Alter the normaliser parse method

The only part of the normaliser that will need to be changed is the parse method. First off, lets open the XenaInputSource, and get an InputStream that we can read bytes from and then turn it into a character stream. Since we know that the character set will be ASCII or UTF-8, we don't need to worry about guessing the character set, if we were required to do this however, a number of helper methods exist within Xena to allow this to be done. Initially, let's just write out every character we get into the content of the opening foo element.

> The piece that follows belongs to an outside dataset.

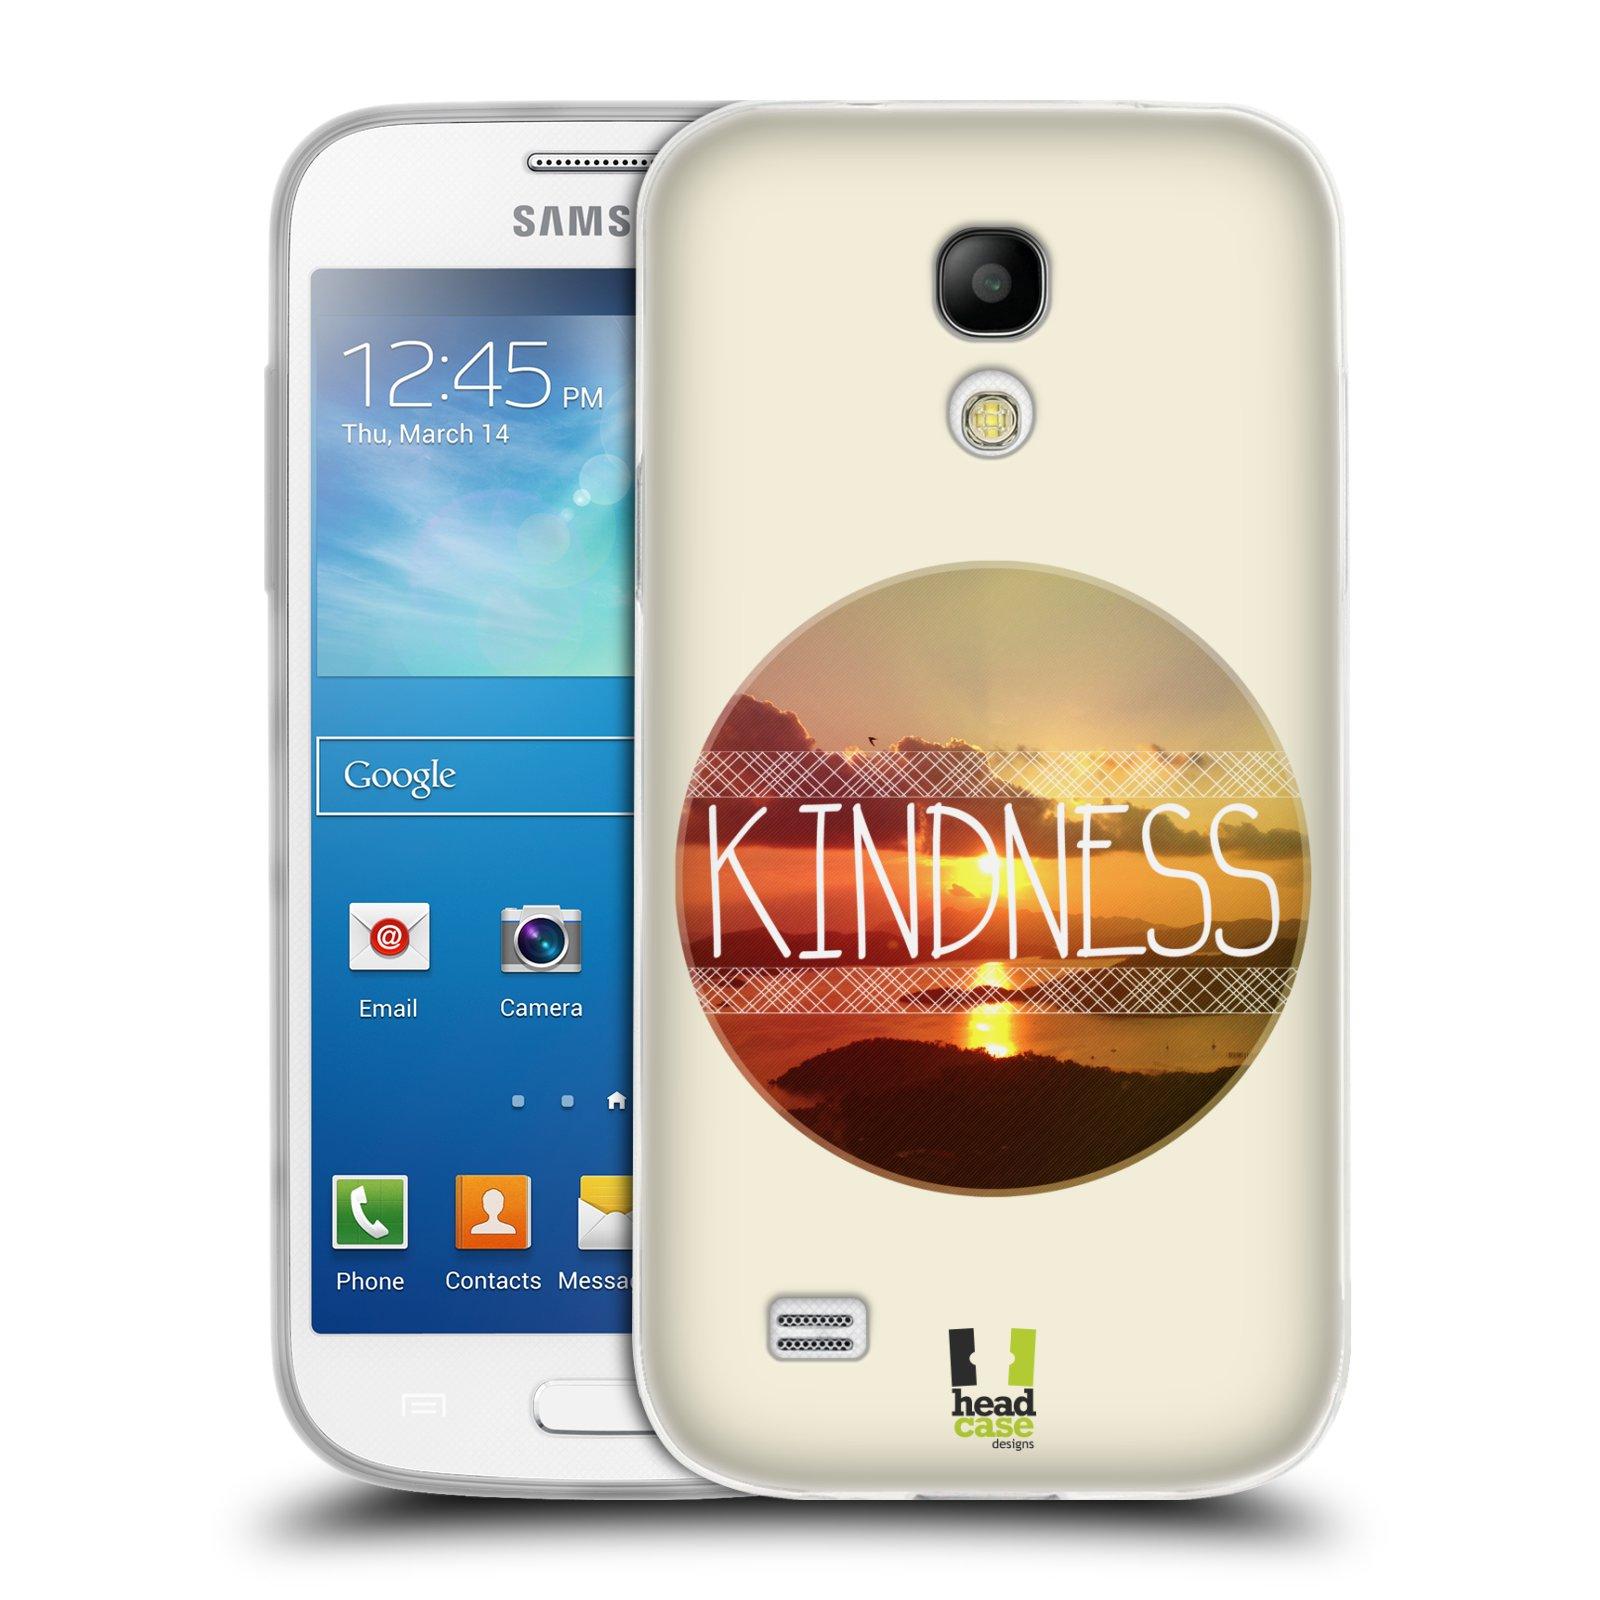 Silikonové pouzdro na mobil Samsung Galaxy S4 Mini HEAD CASE INSPIRACE V KRUHU LASKAVOST (Silikonový kryt či obal na mobilní telefon Samsung Galaxy S4 Mini GT-i9195 / i9190 (nepasuje na verzi Black Edition))
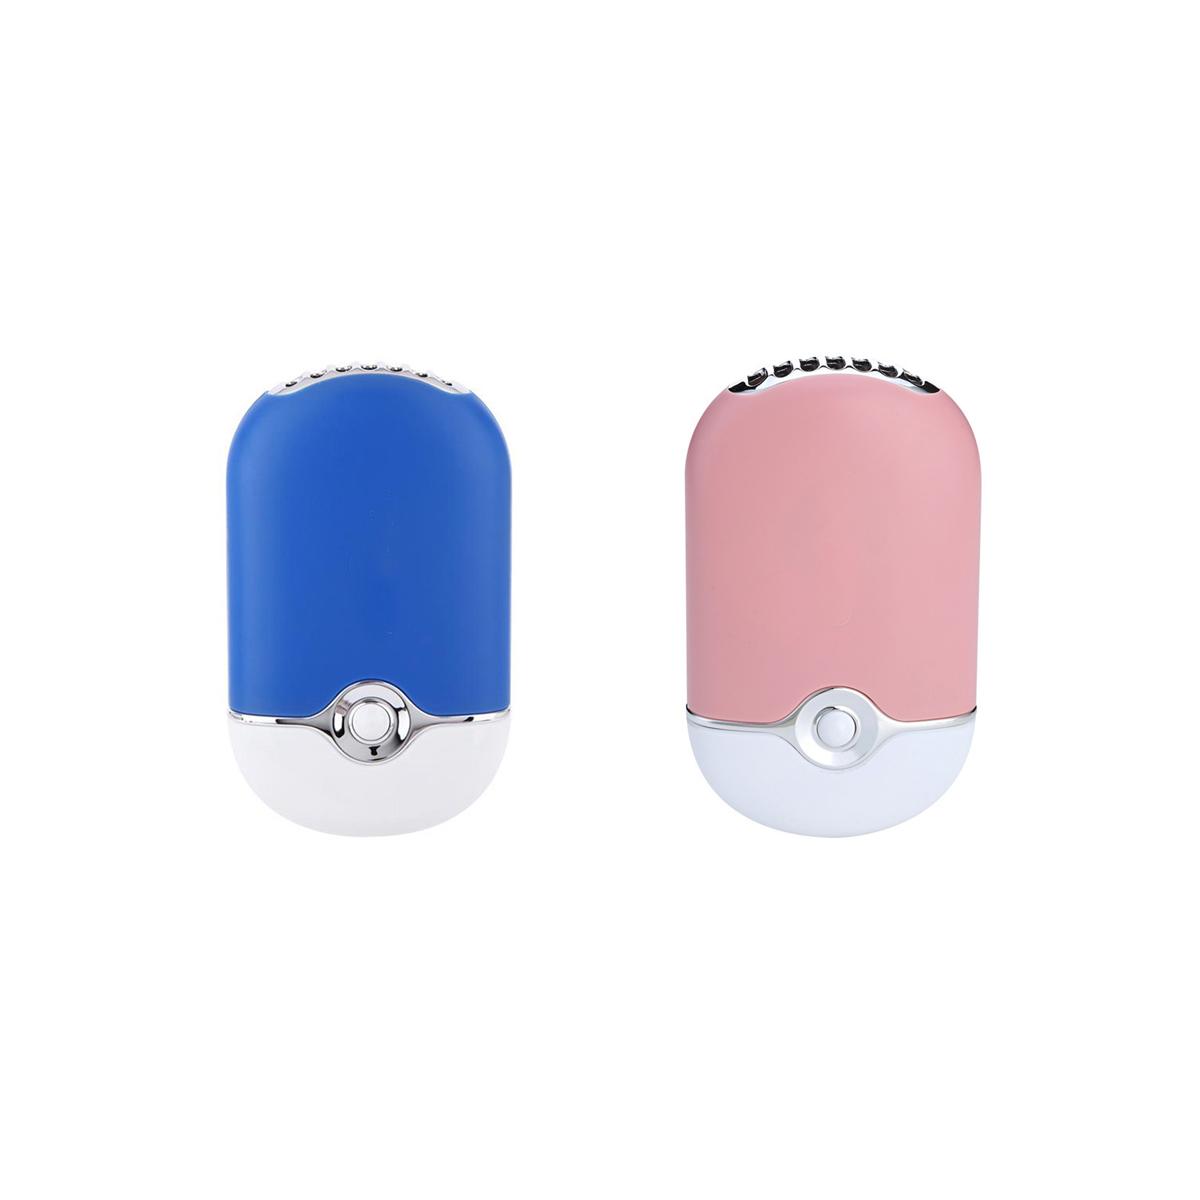 IAG-Mini-Portable-Handheld-Air-Conditioner-Hero-1200×1200

       public void parse(InputSource input) {  
                ContentHandler contentHandler = getContentHandler();
                AttributesImpl openingAttribute = new AttributesImpl();         
                contentHandler.startElement(FOO_URI, FOO_OPENING_ELEMENT_LOCAL_NAME, 
                                                        FOO_OPENING_ELEMENT_QUALIFIED_NAME, 
                                                        openingAttribute);
                BufferedReader reader = new BufferedReader(source.getCharacterStream());
                char nextChar;
                while ((nextChar = (char)reader.read()) != -1) {
                        char[] newCharArray =  {nextChar};
                        contentHandler.characters(newCharArray, 0, 1);
                }
                contentHandler.endElement(FOO_URI, FOO_OPENING_ELEMENT_LOCAL_NAME, 
                                                        FOO_OPENING_ELEMENT_QUALIFIED_NAME);
        }

So far so good, but it doesn't do a great deal toward getting our Foo contents into the desired schema. So, what is next? Well the first thing to do will be to remove the opening "~beginFoo". The magic number is already defined as a static final string in the FooGuesser. We can update our parse method as follows:

       public void parse(InputSource input) {
                ContentHandler contentHandler = getContentHandler();
                AttributesImpl openingAttribute = new AttributesImpl();         
                contentHandler.startElement(FOO_URI, FOO_OPENING_ELEMENT_LOCAL_NAME, 
                                                        FOO_OPENING_ELEMENT_QUALIFIED_NAME, 
                                                        openingAttribute);
                BufferedReader reader = new BufferedReader(source.getCharacterStream());
                long magicNumberLength = (new Integer(FooGuesser.FOO_MAGIC.length)).longValue();
                reader.skip(magicNumberLength);
                char nextChar;
                while ((nextChar = (char)reader.read()) != -1) {
                        char[] newCharArray =  {nextChar};
                        contentHandler.characters(newCharArray, 0, 1);
                }
                contentHandler.endElement(FOO_URI, FOO_OPENING_ELEMENT_LOCAL_NAME, 
                                                        FOO_OPENING_ELEMENT_QUALIFIED_NAME);
        }

Add support for checking the character

Now we will add support for checking the character, and if it is a '~', we will close the part tag, and open a new one. But, so as to make sure it is valid XML, we will make sure that we actually have an element open before closing it. We will also need a final close element when we have no more input (as long as we have processed at least one Foo Part).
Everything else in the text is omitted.